Long intro. I couldn't figure out how to cut it down to something more manageable, but it's been actually months since I read this book and my thoughts about it are a bit blurred. In any case, it was another enjoyable book in the Ender universe.

I did roll my eyes a lot at some parts of the book, particularly the whole spiritual aspect of speaking for the dead, and the pseudo-psychology of it. Meh. I'm quite cynical in general so I find the idea of speaking the good and bad of a life as a way to heal life's wounds fairly unlikely and a bit ridiculous. It also felt a bit unlikely to me that Ender could so easily show up and just repair a family so broken as Novinha's.

It isn't right to let the silly bits make the book sound appalling without providing some examples of the good as well, but has really been a long, long time since I read this.

I suppose what I liked best were the xenological aspects. Card's conception of the way the planet works, the symbiosis between the piggies and the trees for example, was fascinating. It's the anthropology of an imagined universe, described in more (or maybe just a different kind of) detail than most books with new worlds.

I think, to generalize, I found this book more problematic (in a different way) than Ender's Game and so I liked it less, but I wasn't disappointed to have spent time reading it. I was interested enough to read it, and to read it quickly. So philosophy and likelihood of magical familial healing aside, it was a worthwhile way to spend some time and I do look forward to the next in the series.

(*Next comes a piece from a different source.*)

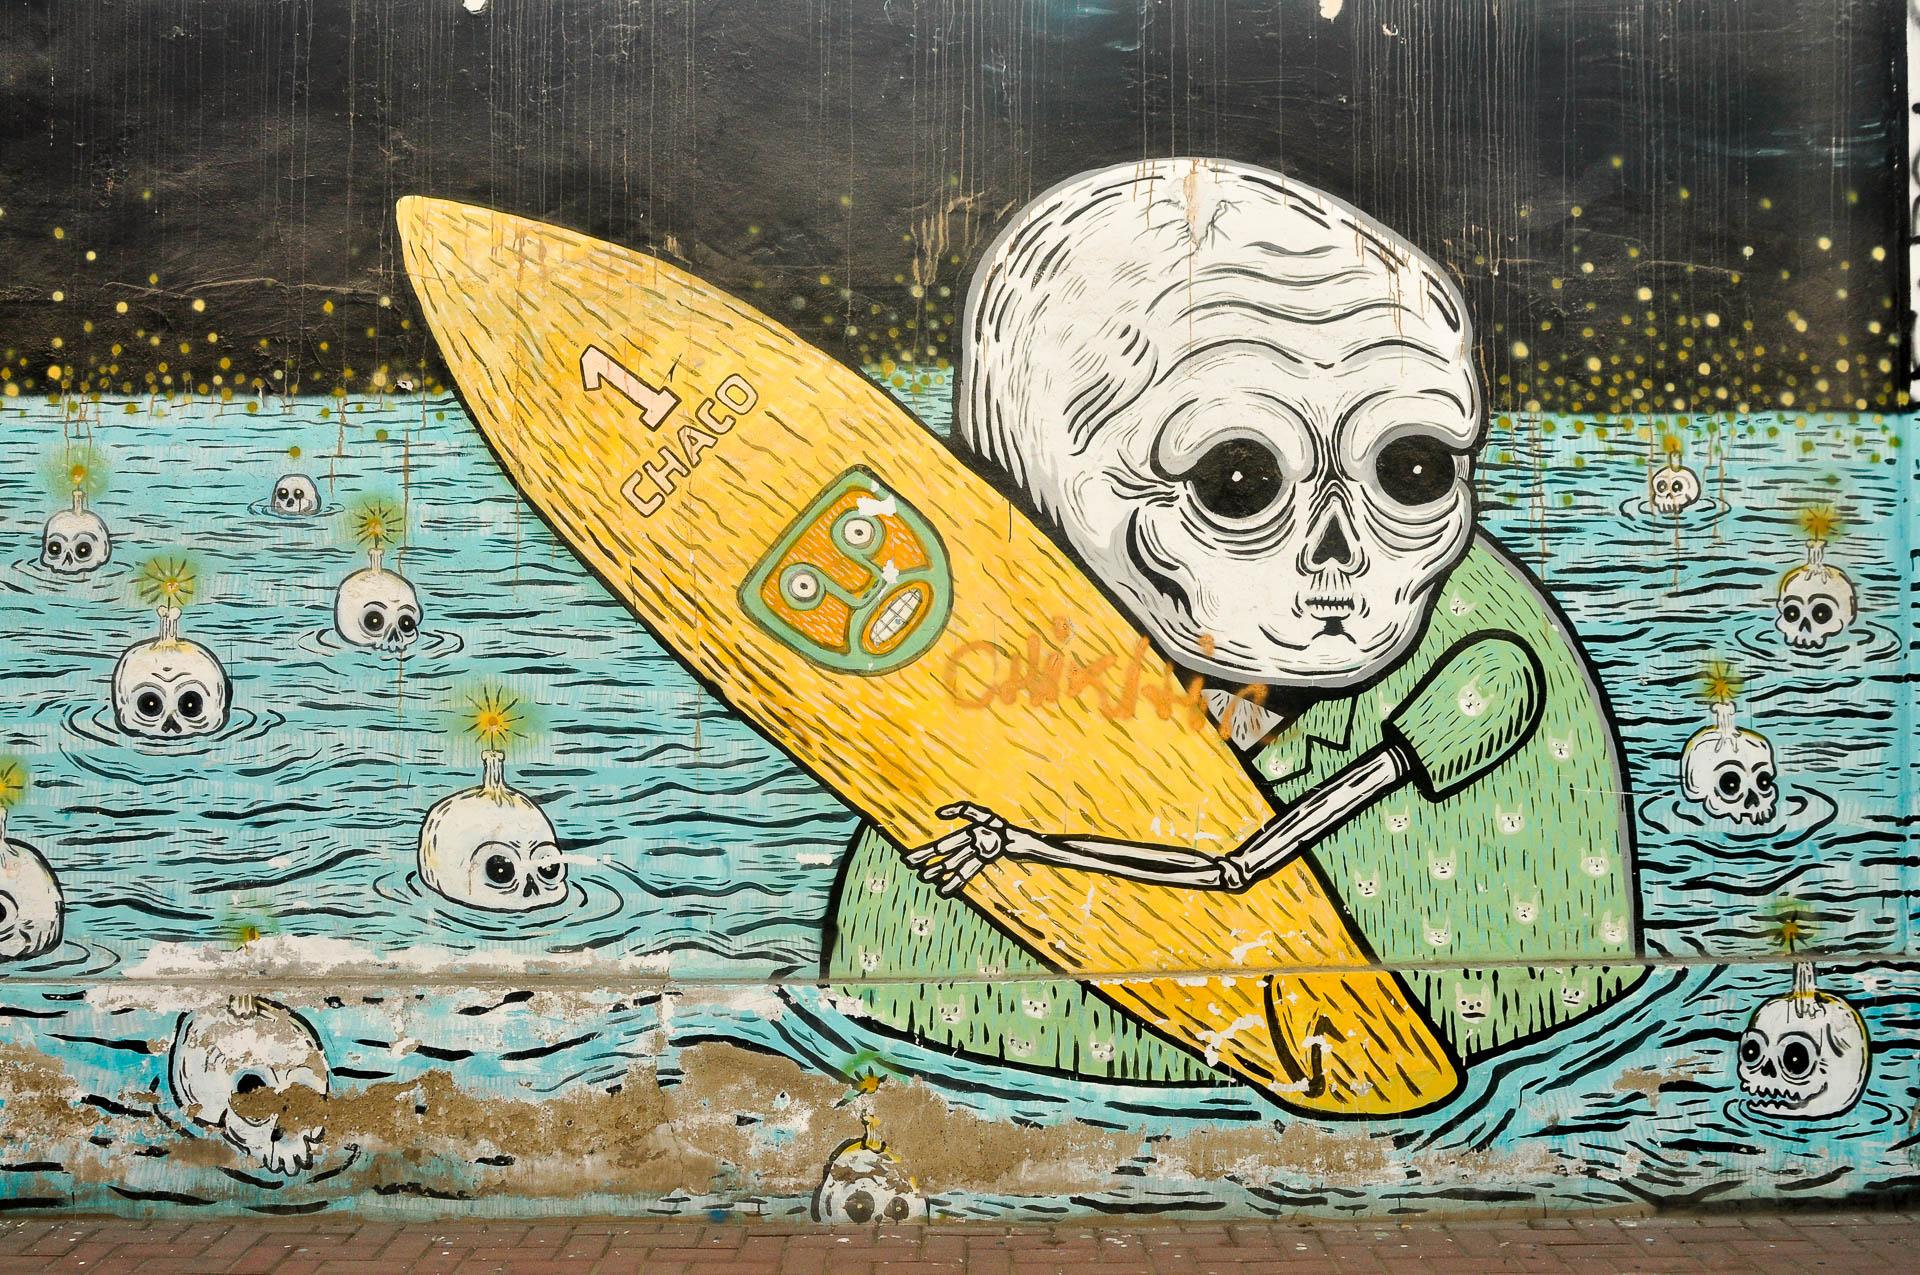 Huanchaco graff - Les globe blogueurs - blog voyage nature
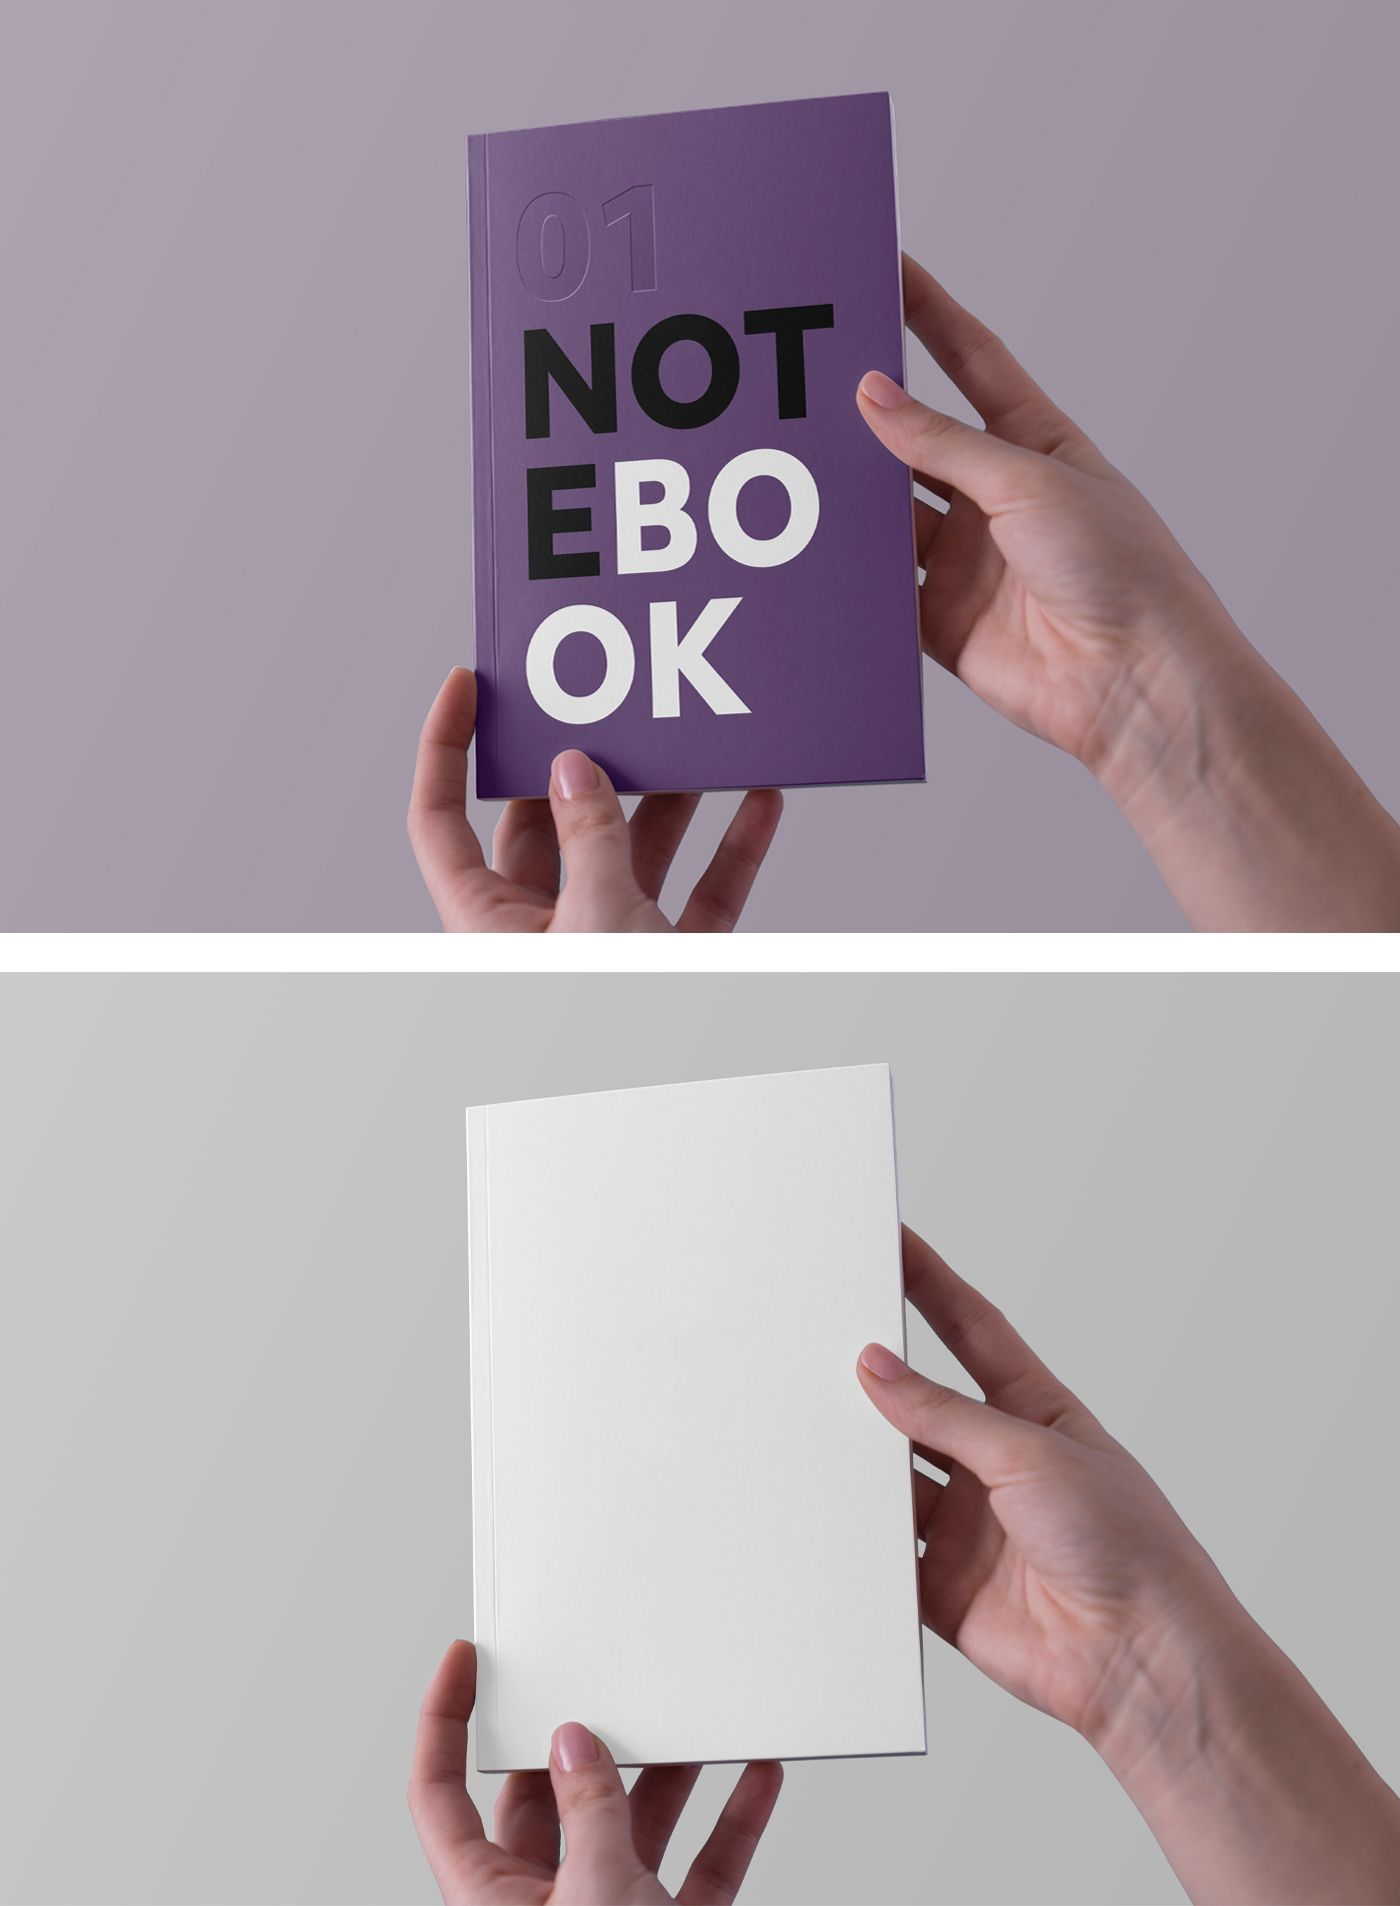 Hands Holding Notebook Mockup Graphic Design Freebies Design Freebie Free Mockup

Orson Scott Card has written dozens of novels and short stories, including at least eight about Ender Wiggin. Card has won numerous awards, including multiple Hugo and Nebula awards. Orson Scott Card's official website can be found at Hatrack River.

Card, Orson Scott. Speaker for the Dead. New York: Tor, 1994.
Finished: 14 August 2009
Rating: 4 of 5 speaking trees
This was my 4th book in August and my 33rd in 2009.